In the mid-90s, there was a memorable concert double bill of Bartók’s Bluebeard's Castle and a reconstruction of Debussy's Fall of the House of Usher. Opera houses generally aren't big on double bills, other than the ubiquitous Cav 'n Pag, and it's easy to understand why: each half typically costs much more than half of a standard production to stage, rehearse, costume, and so on. It's a shame, really; there are so many wonderful one-act operas that hardly ever get performed, including the Bartók and the three short Puccini operas making up Il Trittico (also recently staged by Berkeley Opera).

So when Berkeley Opera's 2008 season was announced, I was hugely excited to see a double bill of Bluebeard's Castle and, of all things, Ravel's delightful L’enfant et les sortilèges, which I'd last seen around 1975 in a production at the Manhattan School of Music. The Ravel is more or less in the Metropolitan Opera's repertory, as part of a triple bill, and apparently no one else's. San Francisco Opera did perform it a few times in 1930, on a double bill with....Hansel und Gretel?

In any event, I cited the Berkeley Opera performances in the SFCV season preview in January. I was able to attend a preview of the Bartók the same month, and thought the production promising based on what I heard and saw: solid singing and marvelously fluid playing from conductor Jonathan Khuner.

I caught last Saturday's opening performance and I am thrilled to report that the two productions are a complete triumph. I will try to get some details down tomorrow, but I want to plug the two remaining performances above all.

They're on Friday, May 9, at 8 p.m., and Sunday, May 11, at 2 p.m., at the Julia Morgan Theater, 2640 College Avenue (at Derby), Berkeley. Call 925-798-1300 for tickets.

And just go.

Podleś Out, Prina In

Argh: a press release from San Francisco Opera announces that Ewa Podleś has withdrawn from the upcoming Ariodante, to be replaced by Italian contralto Sonia Prina.

Monday, May 05, 2008

Muti to Chicago

Daniel J. Wakin has the story.

Saturday, May 03, 2008

Batter Up!

Coming up at The San Francisco Giants, "Lucia di Lammermoor," in a free,live simulcast from War Memorial Opera House.

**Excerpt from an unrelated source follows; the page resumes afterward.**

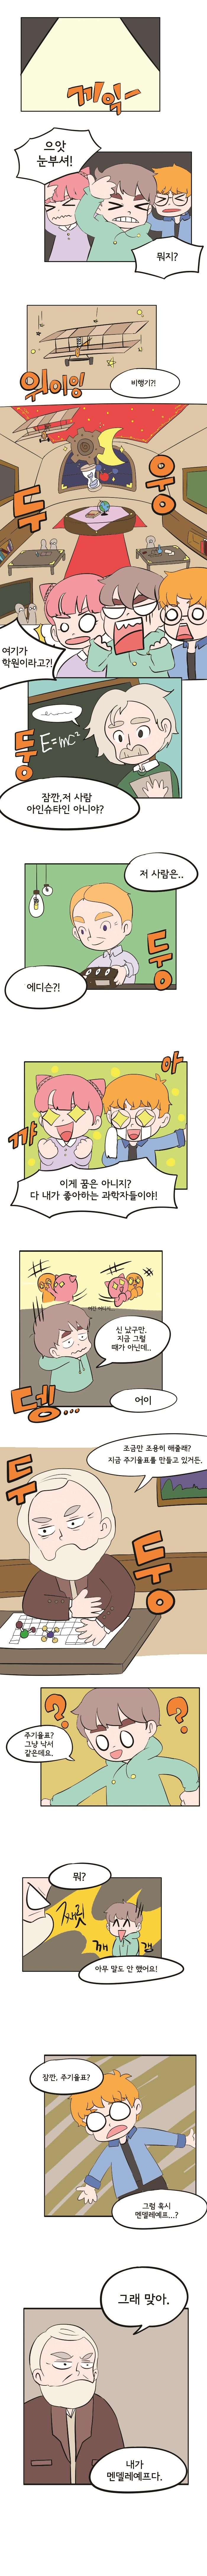 _CID_f_ju9plk3a0_CID_신비한과학학원3화-웹툰-최지원-20190410
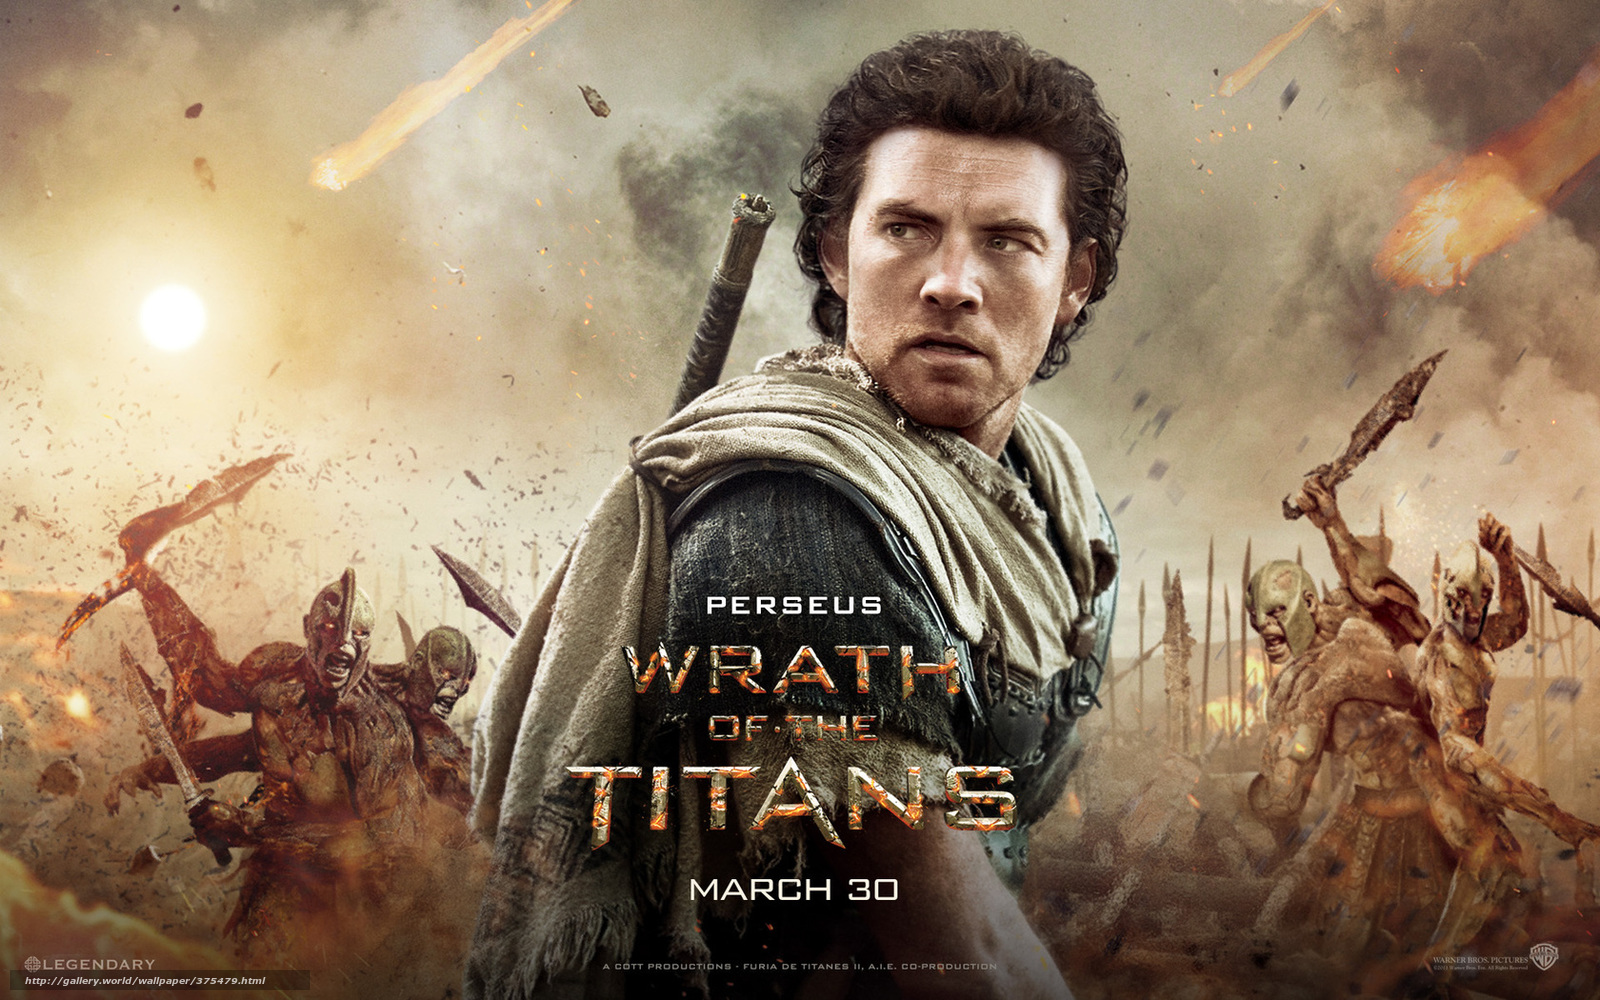 Wrath of the titans titans

It's on Friday, June 20, at 8 p.m., doors open at 6:30 if you have advance
tickets. To get tickets (up to four per patron), click here.

Thursday, May 01, 2008

Archiving and Formats

Check out this interesting New Music Box article, by Frank Oteri, and the very long comment thread, on the subject of composer archives.

Music to My Ears

Steve Smith on Elliott Carter, in his Times review of Tuesday's Juilliard Quartet/Charles Neidich concert:

Too much time and ink have been spent talking about how challenging, rigorous and difficult Elliott Carter’s music is, and not nearly enough on how lively, vigorous and even funny it can be.
Bravo!

A hint from here on how to approach Carter: attend concerts and listen to the music before you look at the scores. His notation makes my head hurt, even when I'm following a recording, because I try to count it. My eyes cross and everything! But the musical narrative is easy to follow if you're putting your ears first.

Compare and Contrast 9

The Brentano Quartet's Late Style concerts:

I realize this is not an entirely fair comparison, given the paltry space allotted Holland - but other Times reporters, including Alex in his stint there, somehow make much better use of that space.

Tuesday, April 29, 2008

Long Gestation

In Joshua Kosman's obit for Henry Brant - whose music, I'm sorry to say, I don't know at all - there's this:

His orchestration textbook, "Textures and Timbres," begun in the 1940s and completed last year, is due to be published this year.

In the Can

A shout-out, and big congratulations, to Tim Rutherford-Johnson, who is about to file his doctoral thesis.

Sunday, April 27, 2008

Carl Ludwig Hübsch & Gino Robair at the Hillside Club, Berkeley

This concert sounds very cool:

Carl Ludwig Hübsch & Gino Robair
Sunday, May 4th at 7:00 pm
Admission $15 ($10 for HSC members and Seniors)
The Berkeley Hillside Club
2286 Cedar Street
Berkeley 94709
Info: (510) 845-1350

The Berkeley Hillside Club excited to present German tuba virtuoso and composer Carl Ludwig Hübsch, and Bay Area percussionist and composer Gino Robair in a concert of improvised music that will stretch your ear and your mind. Don't miss this exciting exposition of sound on the cutting edge of creativity in our acoustically-wonderful hall.

The Concert:

Carl Ludwig Hübsch plays accoustic music that melds the traditional brass sound of the tuba with the extended sound/noise music genre, along with strong influences from electronic and contemporary compositions. Perhaps one could say Hübsch plays electronic music with mechanical means. In composition Hübsch's work focuses on interweaving improvisation and ideas written in advance of the performance. In the concert at the Hillside Club he will play in a duo with the renowned percussionist Gino Robair. Together with the audience they step into the unknown and let music grow from there.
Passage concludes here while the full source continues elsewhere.